Я отпрянул; то было для меня двойное потрясение. Так, значит, похоронная процессия все-таки не выехала? Покойник еще здесь. Меня обманули. Так вот в чем причина столь явного замешательства графини. Она поступила бы куда благоразумнее, сообщив мне об истинном положении дел.
Я покинул эту печальную комнату и закрыл дверь. Недоверие ко мне было, несомненно, самою большою ошибкою, какую могла совершить графиня. В таком деле нет ничего опаснее взаимной неискренности. Ни о чем не ведая, я безмятежно вошел в комнату – а вдруг я случайно столкнулся бы там с человеком, которого мне следовало избегать в первую очередь?!
Размышления эти, едва начавшись, были прерваны графинею де Сент-Алир. По моему лицу она, видимо, о чем-то догадалась и тут же бросила быстрый взгляд на другую дверь.
– Ричард, дорогой, ты заметил что-нибудь… что-нибудь не то? Ты выходил из комнаты?
Я немедленно ответил «да» и честно ей все рассказал.

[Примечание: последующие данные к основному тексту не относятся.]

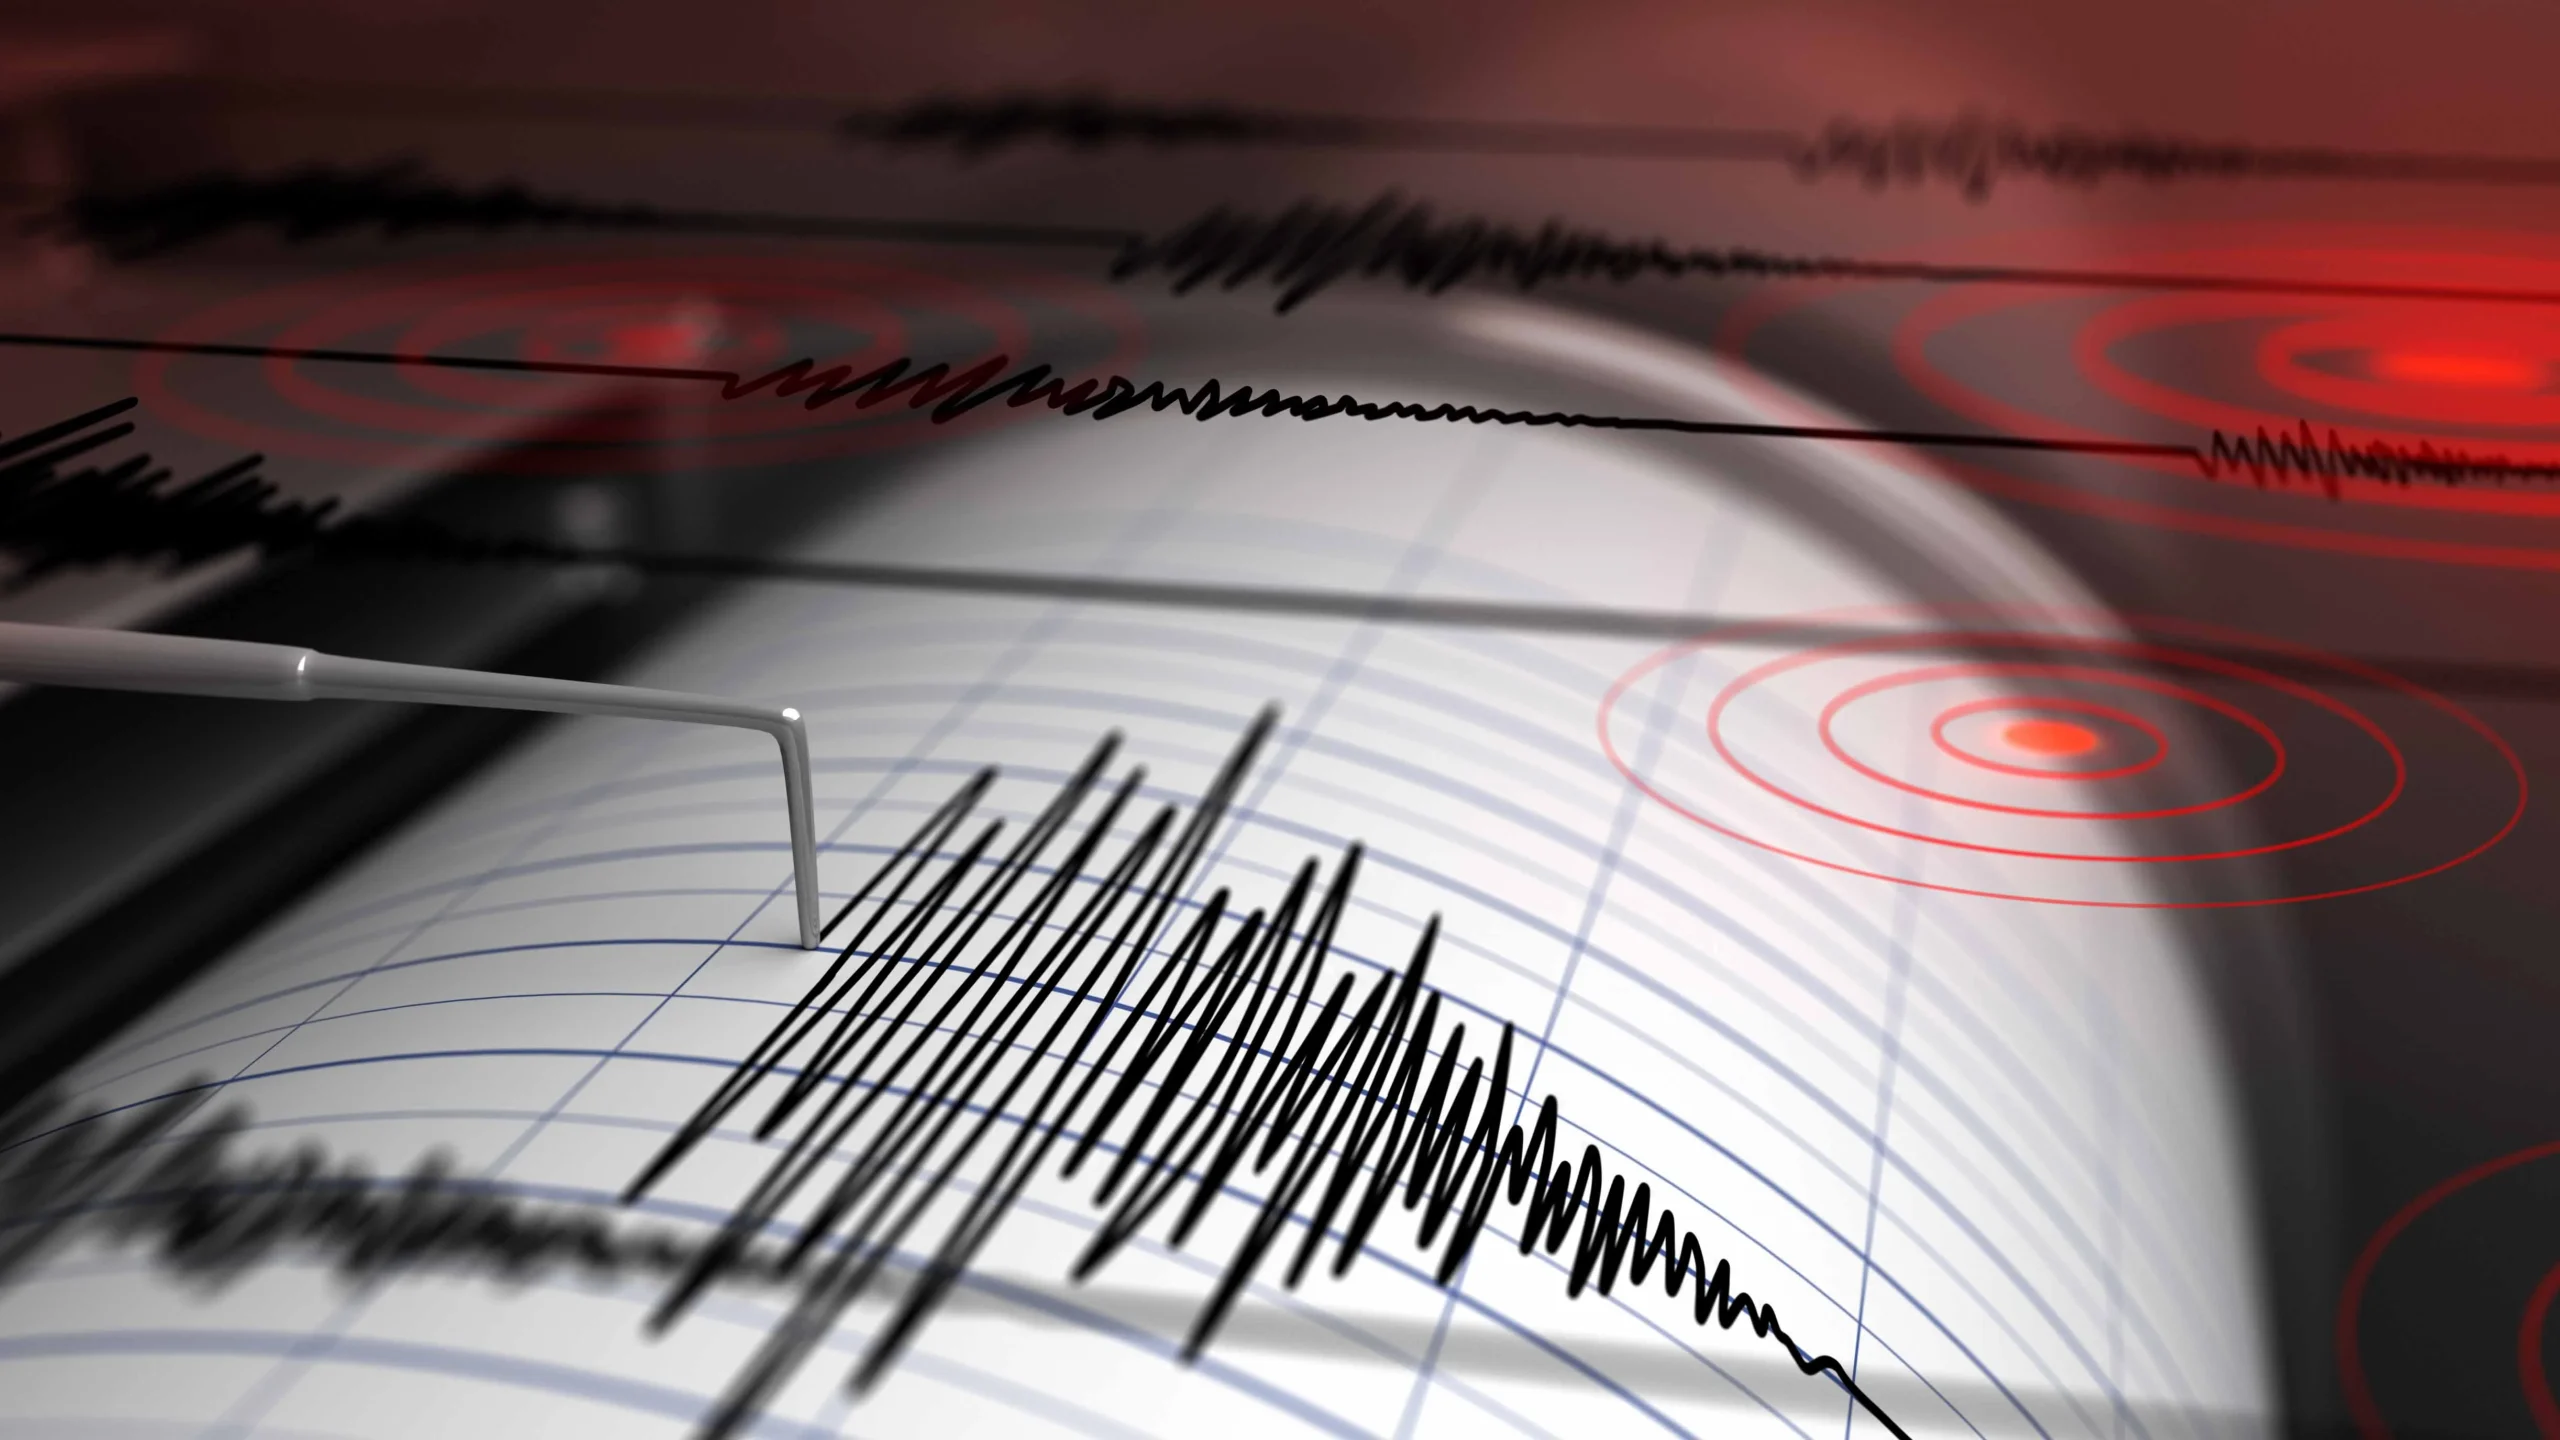 Sismo magnitud 6.9 sacude Perú; autoridades piden tener calma ante posibles replicas
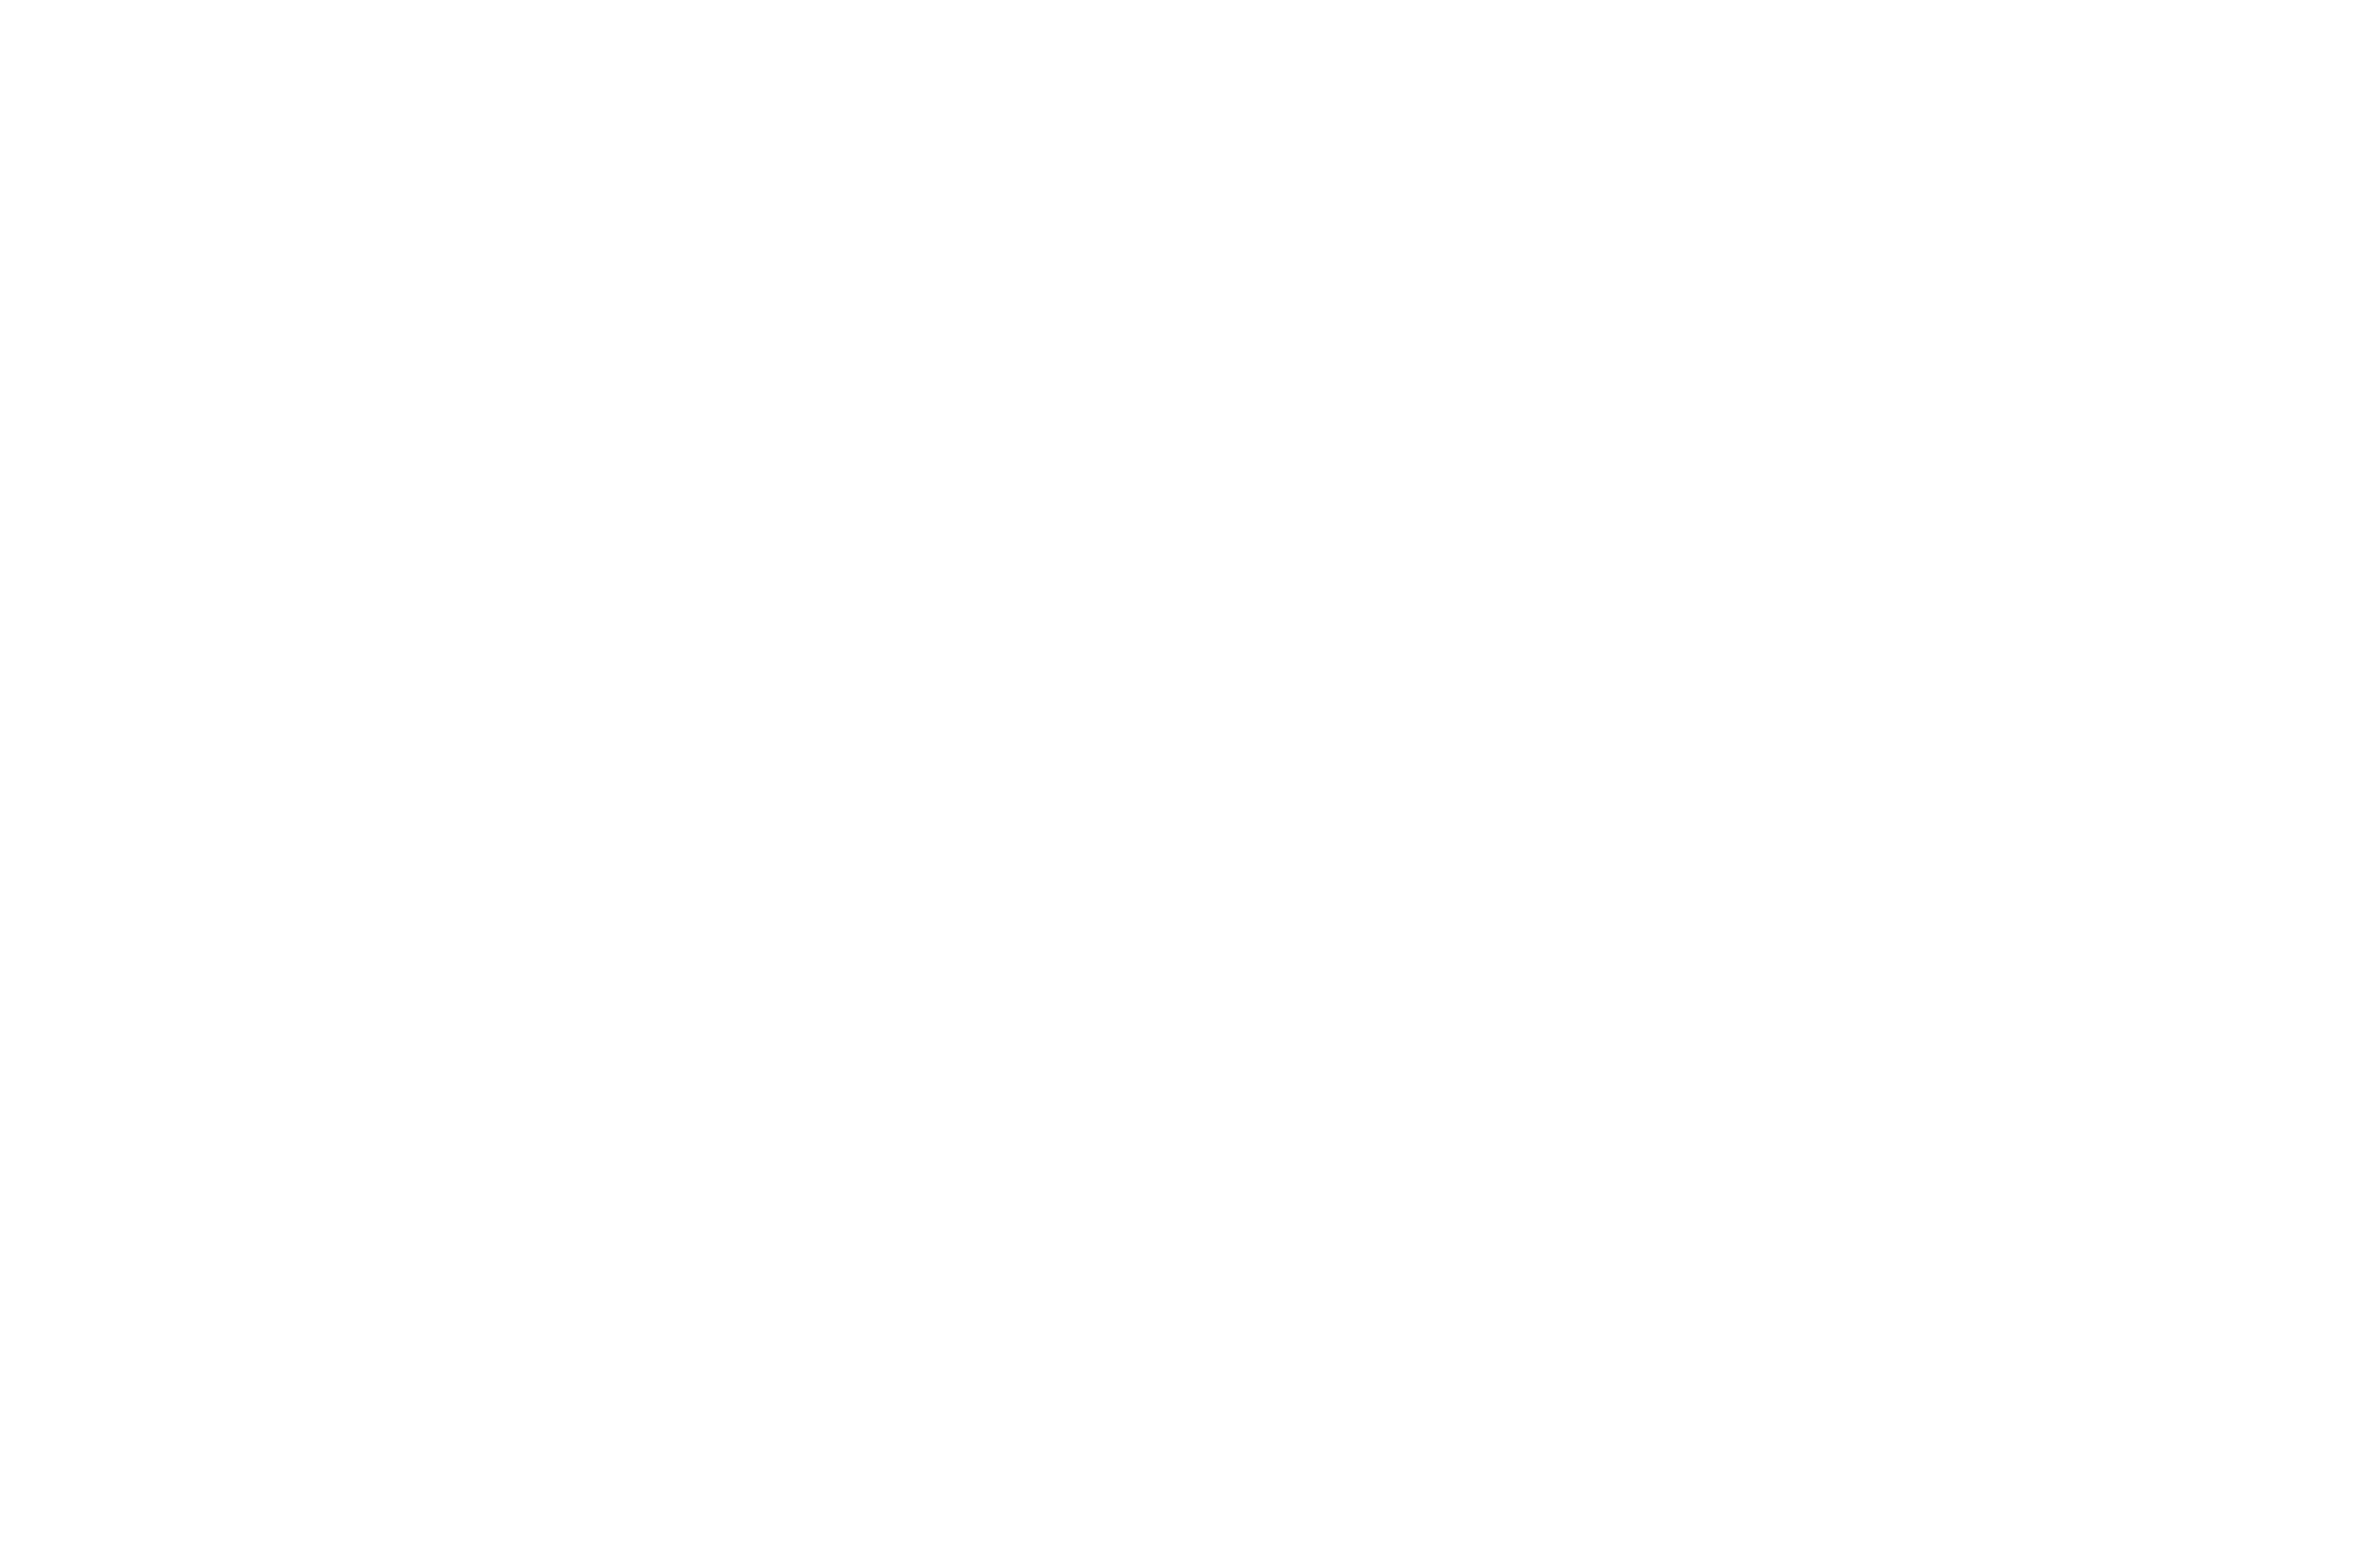 Cody Cordwell

– Ах, я не хотела тревожить тебя понапрасну. Все это так гадко! Покойник и правда находится здесь. Но граф выехал за четверть часа до того, как я зажгла розовую лампу и приготовилась встречать тебя; тело несколько запоздало и прибыло спустя восемь-десять минут после его отъезда. Граф забеспокоился, как бы могильщики на Пер-Лашез не решили, что похороны откладываются, и не разошлись. Он ведь знал, что останки бедного Пьера непременно прибудут нынче вечером, пусть и с задержкой. И он хочет, чтобы до завтрашнего утра похороны во что бы то ни стало завершились. Гроб с телом выезжает из дому через десять минут. И тогда мы сразу можем отправляться в наше невообразимое и счастливое путешествие. Лошадей подадут к воротам; карета готова. А эти
Она отошла запереть злополучную дверь на задвижку, и, когда возвратилась, во всем ее облике сквозило такое трогательное раскаяние, что я готов был броситься к ее ногам.
– Никогда, – говорила она, умоляюще заглядывая мне в глаза, – никогда больше не посмею я обмануть моего храброго и прекрасного Ричарда, моего героя… Простил ли ты меня?
Последовала еще одна сцена страстных излияний, любовных вздохов и восторгов, правда негромких, ибо мы продолжали прислушиваться.
Наконец она предостерегающе подняла руку – знак не двигаться – и, обративши взгляд на меня, а ухо к двери, за которой находился гроб, застыла так на некоторое время и затаила дыхание. Затем, таинственно кивнув, она на цыпочках подошла к двери и снова обратилась в слух; но руку не опустила, как бы приказывая мне оставаться на месте. Вскоре она так же тихо возвратилась и шепнула: «Выносят; пойдем со мною».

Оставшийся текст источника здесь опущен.